# 2 Dress or not to Dress??



## jonrconner (May 20, 2015)

Definitely dress, lately using Umpqua Russ Peake dressing, very slick, easy to apply, I don’t know how much distance it might add, but it makes casting a lot easier.
JC


----------



## Rick hambric (Jun 24, 2017)

Depends on the line. My Cortland flats taper, most definitely. Sa amplitude, not so much, only a good cleaning. I will use 100% silicone for dressing.


----------



## BM_Barrelcooker (May 4, 2011)

Ya'll gonna laugh at my country ways but I just use a little veggie oil.

Orvis brand of course.


----------



## SomaliPirate (Feb 5, 2016)

I've been using the Scientific Angler stuff, but I still can't cast worth a damn.


----------



## Rick hambric (Jun 24, 2017)

SomaliPirate said:


> I've been using the Scientific Angler stuff, but I still can't cast worth a damn.


finally an honest man amongst us!!!


----------



## Bonecracker (Mar 29, 2007)

Where's Ted/Backwater when you need him?? I was hoping he would give up his super secret fly line dressing that is only privy to the likes of Mills and Fordyce!!


----------



## eightwt (May 11, 2017)

Have been using Umpqua Glide.

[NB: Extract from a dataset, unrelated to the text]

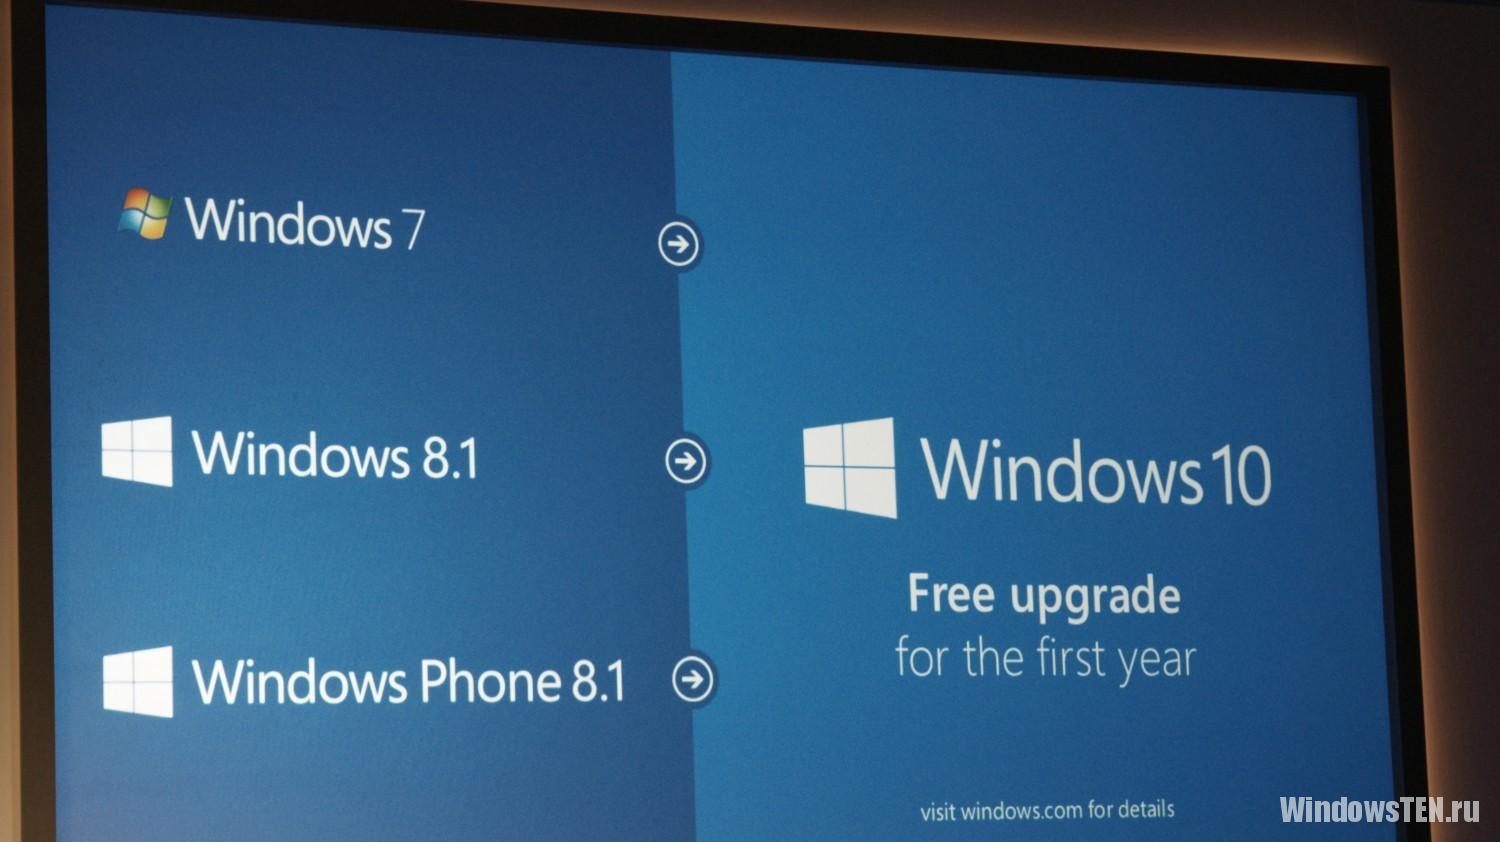 Бесплатное обновление до Windows 10

Works ok. Wash lines after each use. Apply dressing with fingers.


----------



## Zika (Aug 6, 2015)

http://lineandlure.com


----------



## el9surf (Dec 23, 2008)

I use the Rio dressing on rare occasion. Honestly I'm pretty bad about line upkeep. I have never felt like I was going to gain substantial distance by dressing my line. I will clean them once in a while but that's usually about it. Then again my lines are either in a bucket or in the water, so they don't get all the deck grime that some people seem to have.


----------



## crboggs (Mar 30, 2015)

Yes...this is real and it works nicely.


----------



## FlyBy (Jul 12, 2013)

SomaliPirate said:


> I've been using the Scientific Angler stuff, but I still can't cast worth a damn.


Thanks, now I know what my problem is.


----------



## FlyBy (Jul 12, 2013)

crboggs said:


> Yes...this is real and it works nicely.


But for what?


----------



## SomaliPirate (Feb 5, 2016)

Y'all think I'm joking. I can't cast to save my life. I'll gladly trade a day on my skiff and a cold beer for anyone in the nature coast area who wants to tell me how screwed up my cast is and how to fix it.


----------



## BM_Barrelcooker (May 4, 2011)

I can do the first part.


----------



## ol' superskiff (Oct 22, 2015)

Just a friendly suggestion, if you use sunscreen scrub it off your fingers after applying, it will turn any line into peanut butter eventually.


----------



## Rick hambric (Jun 24, 2017)

SomaliPirate said:


> Y'all think I'm joking. I can't cast to save my life. I'll gladly trade a day on my skiff and a cold beer for anyone in the nature coast area who wants to tell me how screwed up my cast is and how to fix it.


Calling @Backwater


----------



## Rick hambric (Jun 24, 2017)

SomaliPirate said:


> Y'all think I'm joking. I can't cast to save my life. I'll gladly trade a day on my skiff and a cold beer for anyone in the nature coast area who wants to tell me how screwed up my cast is and how to fix it.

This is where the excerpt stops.